Dicemaster

I like dice games, even though it’s a difficult category with few good entries and only one that I know of on the “gamer’s game” level. This is why I so wanted to like Railroad Dice, and why its mediocrity was such a disappointment to me. However, if it got Dicemaster – one of my favorite rarely played games – off the shelf, the total experience can hardly be considered bad.

Dicemaster is a game from the final days of ICE, and was codesigned by Kris Burm and Jean Vanaise. The basic idea is that you are traveling along an adventure path, fighting monsters and gathering treasures. Each turn you roll a subset of the action dice available to you to determine what you can do, which actually run quite a large range of events that help you or hinder your opponent. It’s actually a modestly complex game, perhaps on the scale of the most complex euros like Die Macher, with a variety of different procedures for fighting different kinds of monsters and a large range of various types of dice for resolving game events. Because of this, it’s actually not so much a probabilities game like most dice games because they are simply too hard to calculate or even get much of a feel for without doing some computer simulations. Instead it’s more of a resource management game with probabilistic elements – you never know exactly what you will be able to do, and need to work your probabilities mix to your general objectives by choosing the right dice to roll each turn and the right dice to have for your pool in general. There are also some tactics to managing your dice pool, as dice can enter and leave throughout the game and you need to keep your options open generally.

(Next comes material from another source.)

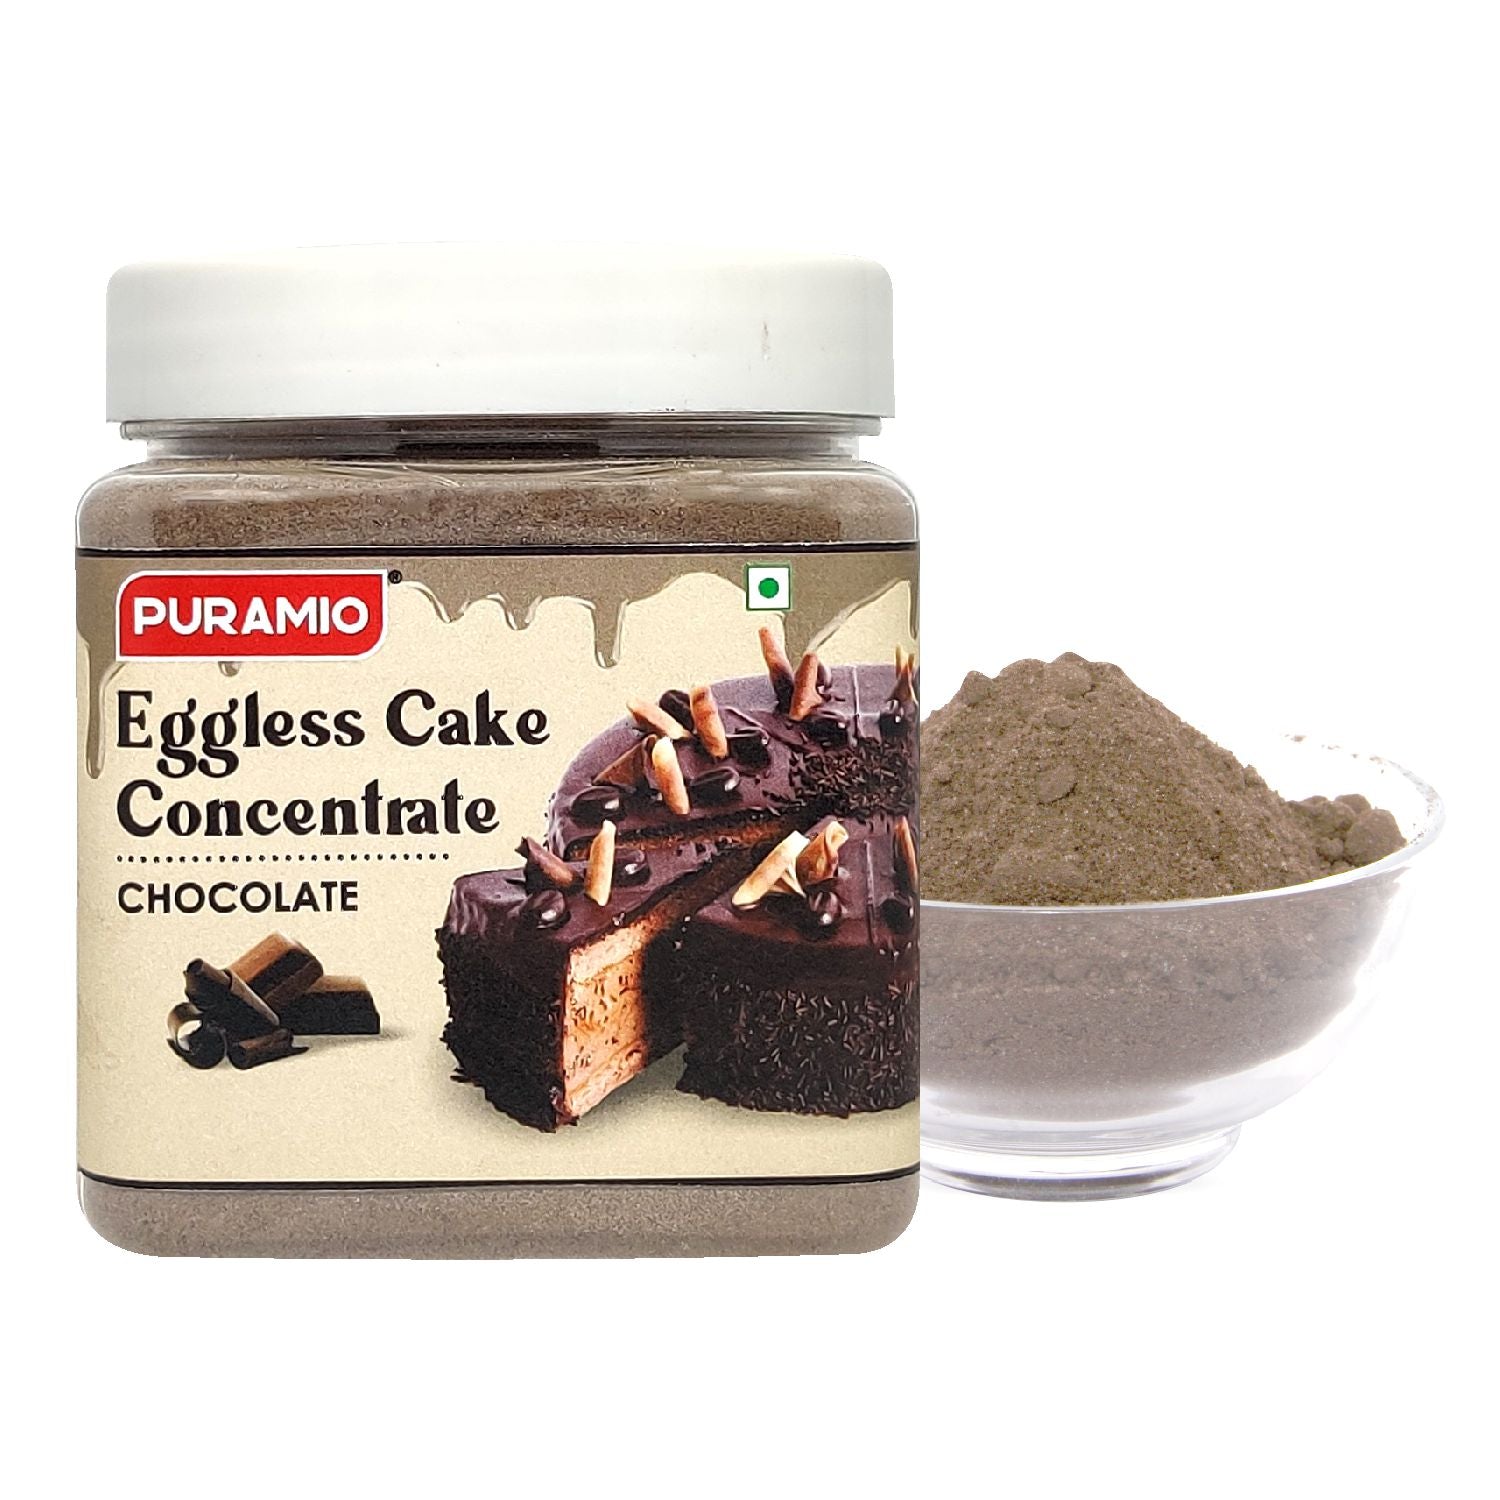 Eggless Rasmalai Cake: Rich, Creamy, and Decadent | Indian Ambrosia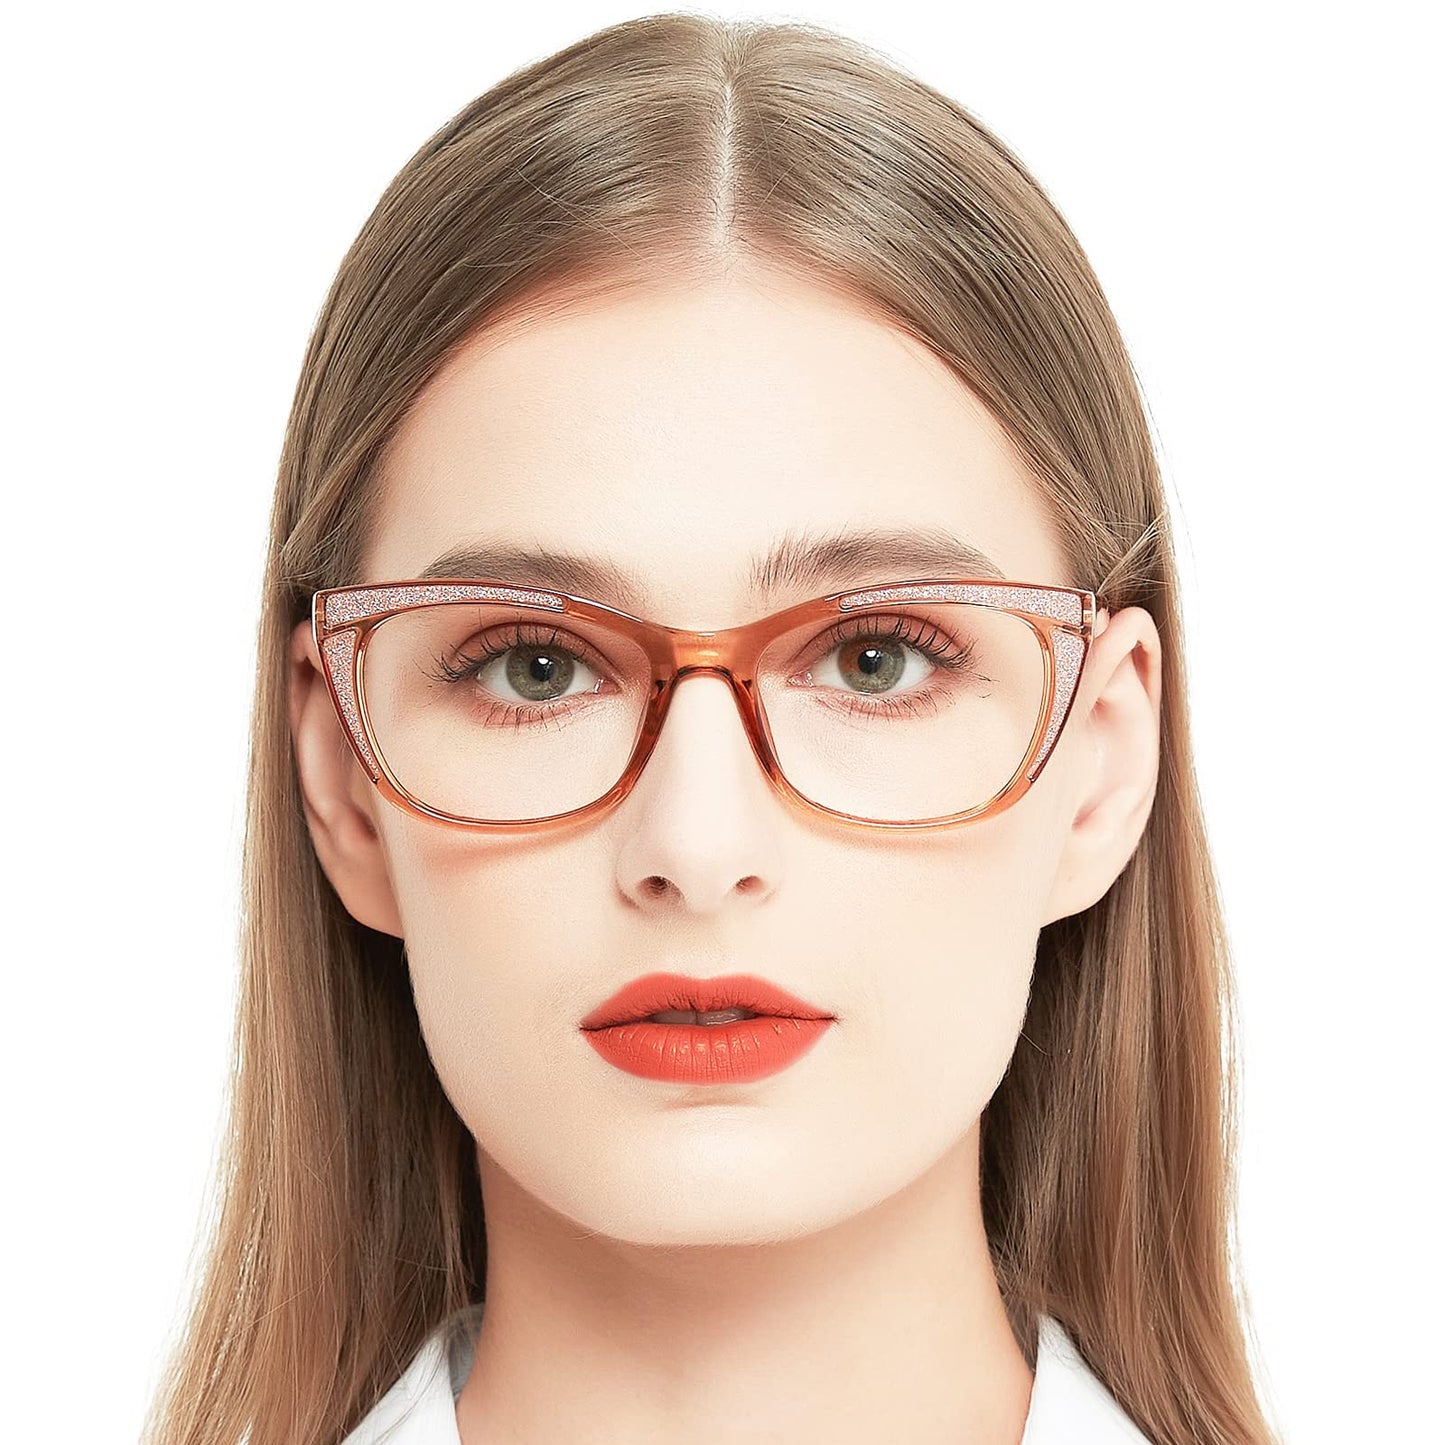 OCCI CHIARI Large Stylish Reading Glasses for Women Cateye Oversized Readers

I rather like Dicemaster. It’s not an every-week kind of a game, I think because it’s a touch repetitive and maybe a touch too long, although I suspect this is for good reason as all the probabilities need to balance out so the game doesn’t feel like it’s just random (although I should mention that playing it again, I discovered a rule that I had been misplaying for ages which actually shortened the game significantly, down to about 1 hour, which is fine). And ICE came through again on the rarity issue, the rare dice are not so much more powerful than the commons or uncommons, just more specialized, so you get dice in about the proportion you need them, and you don’t have to buy a ton (as always though, more dice means more options and a richer experience). However, it’s a bit problematic these days to acquire, because while the starter sets are ludicrously cheap (less than $5 each for the two base sets plus the Wilds of Doom fixed expansion, which adds a lot to the game), the expansion dice fetch a modest price on eBay – occasionally above retail, in fact, and one of the problems with Dicemaster originally was that it was a bit expensive at full retail. You can find them from dealers and at flea markets and cons and such at good prices, though, and commons at least can be gotten cheaply online here – a lot of the price spike for booster packs is driven by the desire to acquire the handful of ultra-rare dice, I assume. The base set plus Wilds of Doom is a quite solid game, but for real replayability you need the boosters.